Alum email addresses are now considered as very hot commodities by your university/college alum association and advancement office.
Email is a cost-effective, efficient and easy way to develop and nurture mutually beneficial relationships with alums.
So, how do you get these email addresses?
There are 2 different options to harvest these valuable addresses:
- you can ask your graduating seniors to give you their personal email addresses before they kiss their alma mater good bye;
- you can offer your graduates to keep their edu email addresses forever and ever.
In a recent post “Cutting off your graduates email addresses!” on the vendor blog Wired Communities, Don Philabaum makes the case for the email-address-for-life option:
“It’s no surprise that while students are on campus they get attached to their email addresses. While students have alternate Yahoo, Hotmail and other addresses they use during their college years, many campuses create a system that requires them to use their campus email address to participate in tools that provide class lectures online, networking opportunities to study with fellow classmates etc.
So if colleges are forcing students to use the assigned email address while they are on campus, why do they so blithely cut their email address off when they leave?”
Good point.
It definitely makes sense for students who didn’t use email a lot before going to college.
While most of younger graduates/students haven’t fully adopted their edu email addresses and kept using the email accounts they grew up with, will they be interested in the opportunity to keep their underused edu email addresses?
The question is really about the value of university/college email addresses for alums – not for alum associations or advancement offices.
My school’s policy is to give you at least a year to wean yourself off your email address. When you deal with 5000 new students a year, it doesn’t take long before they run out of John Smith-like email addresses to assign. So, addresses are recycled to minimize the number of people who are given j99smith@ addresses (or in extreme cases, jas123@). As always, when the choice is share or force everyone but the lucky first-comers to do without, good email names are shared across the years.

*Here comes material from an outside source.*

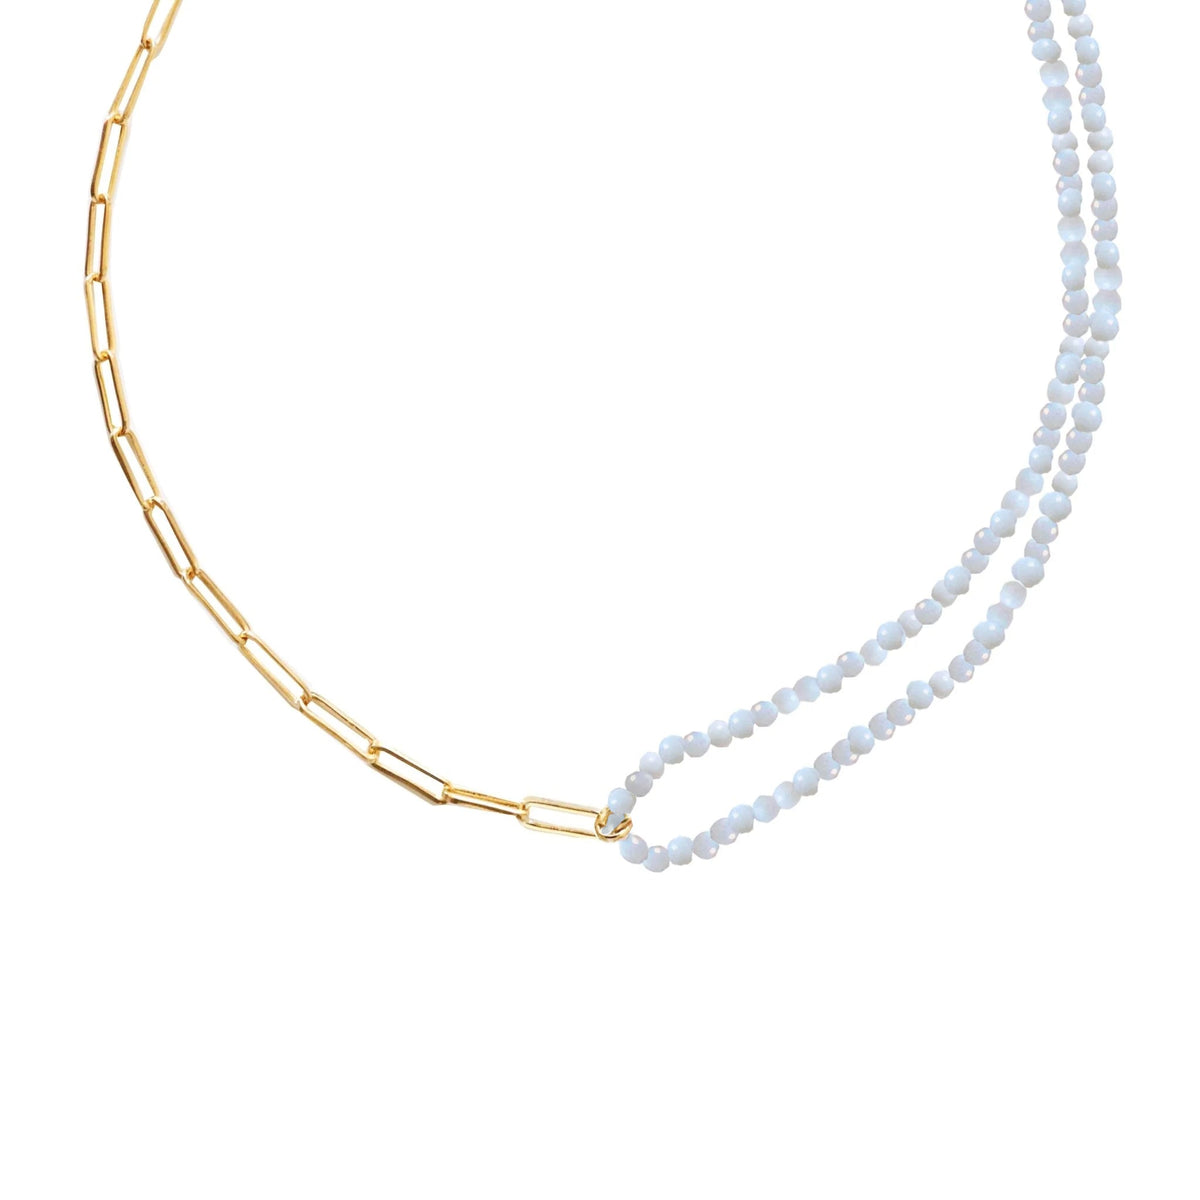 POISE BEADED LINK NECKLACE - ARCTIC BLUE OPAL &amp; GOLD 14-17&quot; - SO PRETTY CARA COTTER

For the past four years our alumni association has allowed current students and alumni to sign up for an email alias that links them to our institution. The student or alumni can use it on resumes to show their affiliation with the university, but, because it is an alias, the student must forward all incoming email to an actual email account. One less inbox to check.
Students like using their university email to give their business cards some heft, but they rarely check that account.
What will happen to all of the perpetual email addresses if institutions move to a online networking platform to stay in contact with students?